The invention discloses a kind of method of combination microphone sound source angle and phonetic feature similarity separation speaker, the step of this method includes: the real-time angle variable rate for calculating microphone sound-source signal relative to microphone;Calculate the probability changing value of speaker in real time according to the characteristic similarity of the voice signal of microphone input;In conjunction with the angle variable rate and probability changing value, whether real-time judgment speaker changes.The present invention carries out speaker's separation by combining microphone sound-source signal angle and voice signal, not only increases the flexibility ratio and accuracy of speaker's separation, and reduces the restrictive condition of speaker's separation.

Description

In conjunction with the method for microphone sound source angle and phonetic feature similarity separation speaker
Technical field
The present invention relates to field of computer technology, and more particularly to speech Separation technology, more specifically, it relates to one kind The method for carrying out speaker's separation in conjunction with microphone sound-source signal angle and phonic signal character similarity.
Background technique
Current speaker's isolation technics generallys use following two method:
1. doing speaker's separation using angle difference of the different speakers before microphone.The shortcomings that this method, is, when multiple Angle of the speaker before microphone close in the case where, be difficult to differentiate speaker;Meanwhile this method is required with primary record Sound, the sound-source signal angle that microphone obtains is constant (sound source and microphone be not active), just can guarantee precision, therefore flexibility It is poor.

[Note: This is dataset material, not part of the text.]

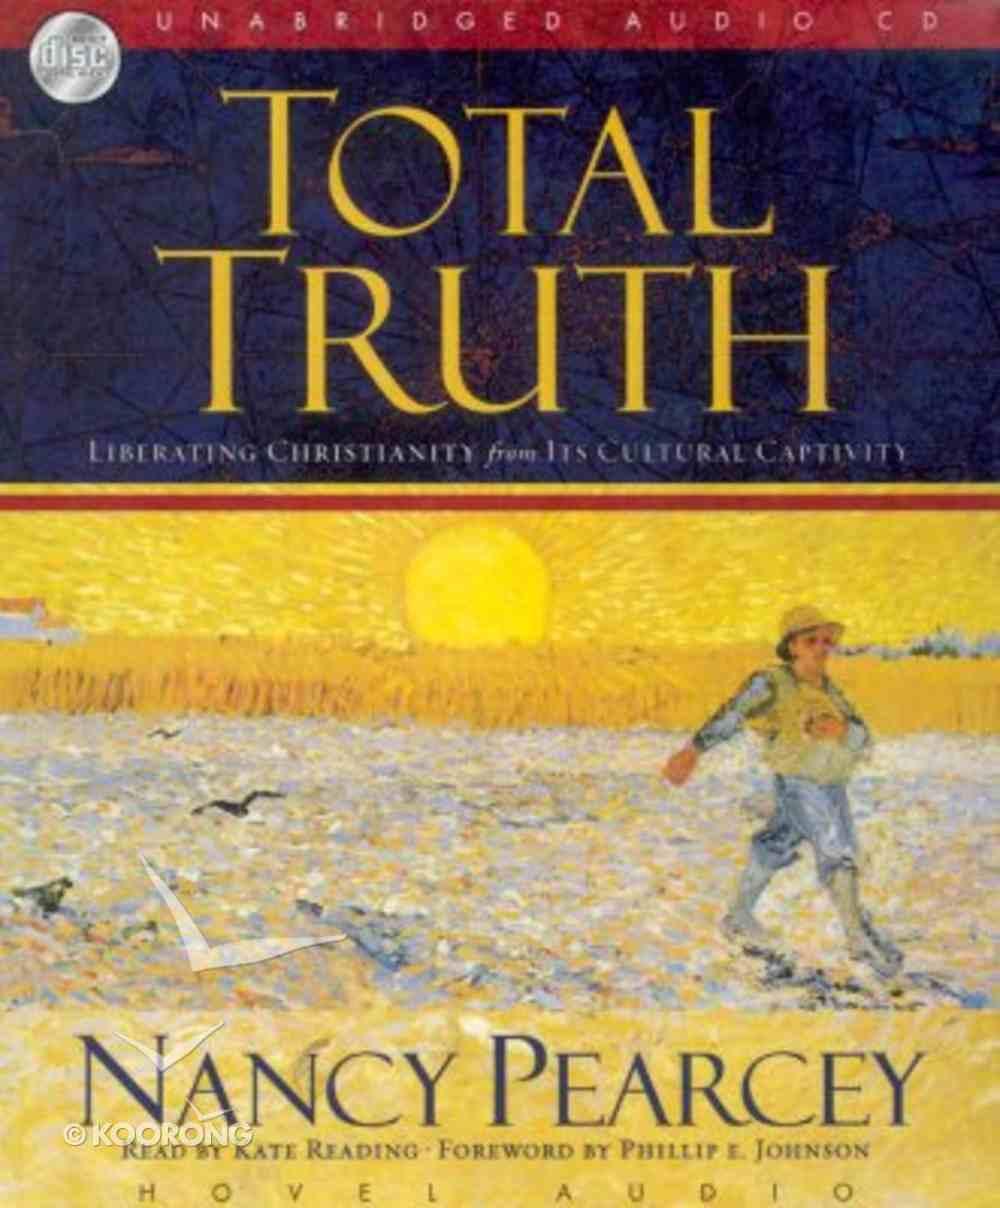 Total Truth (Unabridged) (14cds) CD

2. doing speaker's separation using voice signal.The advantages of this method is not dependent on hardware (microphone), the disadvantage is that It is affected (noise, reverberation have an impact to it) by quality of speech signal, therefore accuracy rate is poor, number is more or has more people It speaks and will lead to poor performance.
Summary of the invention
The technical problem to be solved in the present invention is to provide a kind of combination microphone sound source angles and phonetic feature similarity point Method from speaker, this method restrictive condition is few, and flexibility ratio and accuracy are high.
In order to solve the above technical problems, combination microphone sound source angle of the invention and the separation of phonetic feature similarity are spoken The method of people, step include:
Angle variable rate of the microphone sound-source signal relative to microphone is calculated in real time;
Calculate the probability changing value of speaker in real time according to the characteristic similarity of the voice signal of microphone input;
In conjunction with the angle variable rate and probability changing value, whether real-time judgment speaker changes.
The calculation formula of the threshold value thres of the angle variable rate are as follows:
Wherein, v is speaker's movement velocity, and r is speaker at a distance from microphone.
When v is the mankind's slowly maximum speed of walking, the threshold value of the angle variable rate is thres_1;When v is the mankind When the maximum speed of power-walking, the threshold value of the angle variable rate is thres_2;Two threshold values of the probability changing value are Threshold_1 and threshold_2;The determination method are as follows:
When the angle variable rate is less than thres_1, and the probability changing value is less than threshold_2, then it is determined as It is identical to talk about people;
When the angle variable rate is less than thres_1, but the probability changing value is then determined as in threshold_2 or more Speaker is different;
When the angle variable rate is in thres_1 or more, but it is less than thres_2, and the probability changing value is less than When threshold_1, then it is determined as that speaker is identical;
When the angle variable rate is in thres_1 or more, but it is less than thres_2, and the probability changing value is in threshold_1 When above, then it is determined as speaker's difference;
When the angle variable rate is in thres_2 or more, then it is determined as speaker's difference.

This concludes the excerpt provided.